Lifecycle of a request: User message → Intent analysis (<200ms, cached) → Skill & tool selection → RVR-B execution loop (stream tokens, call tools, validate, backtrack if needed) → Memory extraction → Response complete.

What makes xiaodazi different from typical agent frameworks?
Capability xiaodazi Typical frameworks
Intent analysis LLM semantic analysis per request (4-layer cache, <200ms). Adjusts skill loading, planning depth, and token budget per request. Route by session or fixed config. Same resource allocation for every request.
Error recovery RVR-B loop: classify error → backtrack from wrong approaches → clean context pollution → degrade gracefully with partial results. Retry + model failover. Solves infra failures, not strategy failures.

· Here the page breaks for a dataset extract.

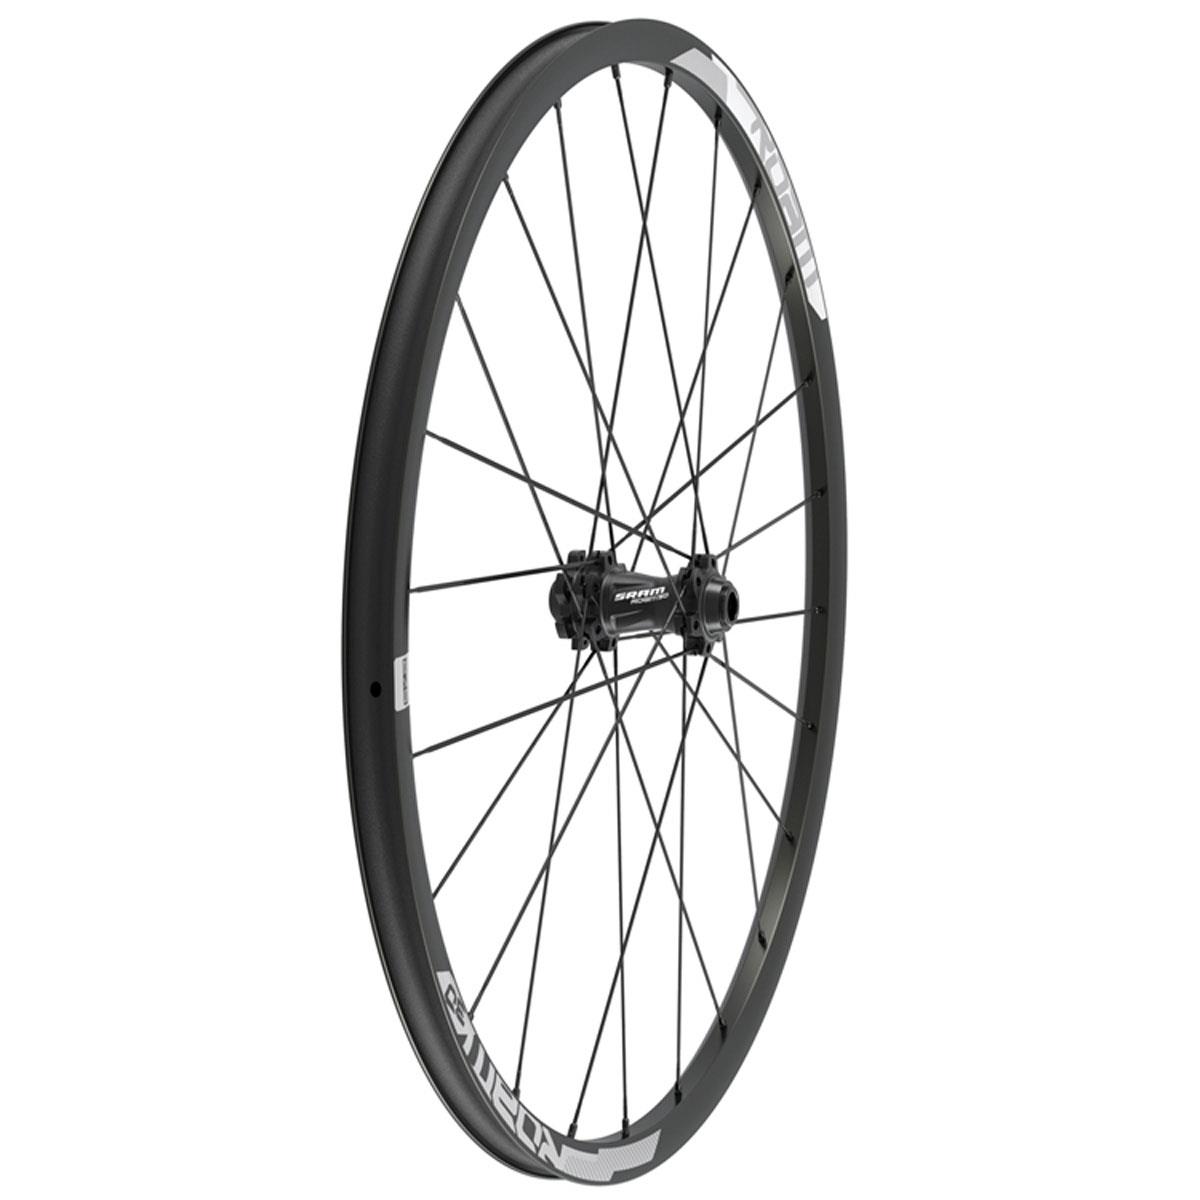 SRAM Roam 30 26 inch Front Tubeless Disc Bicycle Wheel   00.1918.185.000
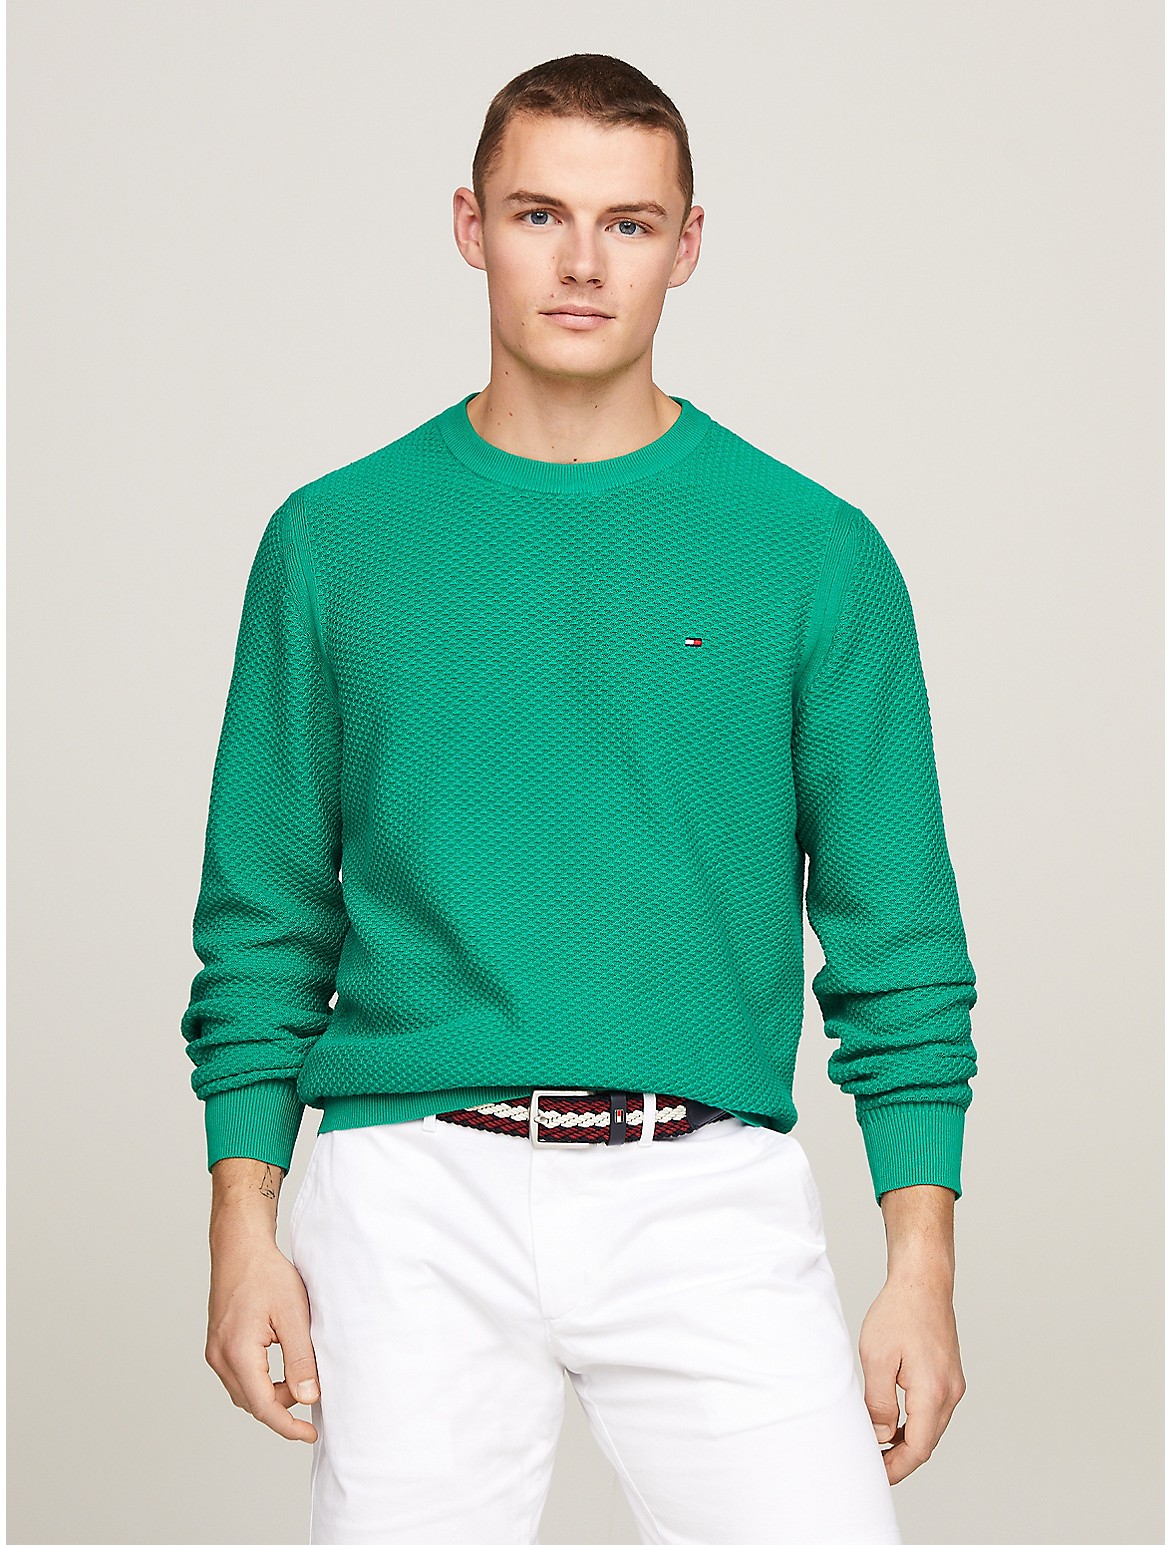 Tommy Hilfiger Men's Textured Knit Crewneck Sweater

Context management Proactive: 3-phase injection, progressive history decay, scratchpad file exchange (100x compression), KV-Cache optimization (90%+ hit). Reactive: truncate or summarize when context overflows.
Skill loading 0 skills loaded by default. Intent-driven lazy allocation. Token cost scales with task complexity, not library size. Load all capabilities upfront, or manual tool selection.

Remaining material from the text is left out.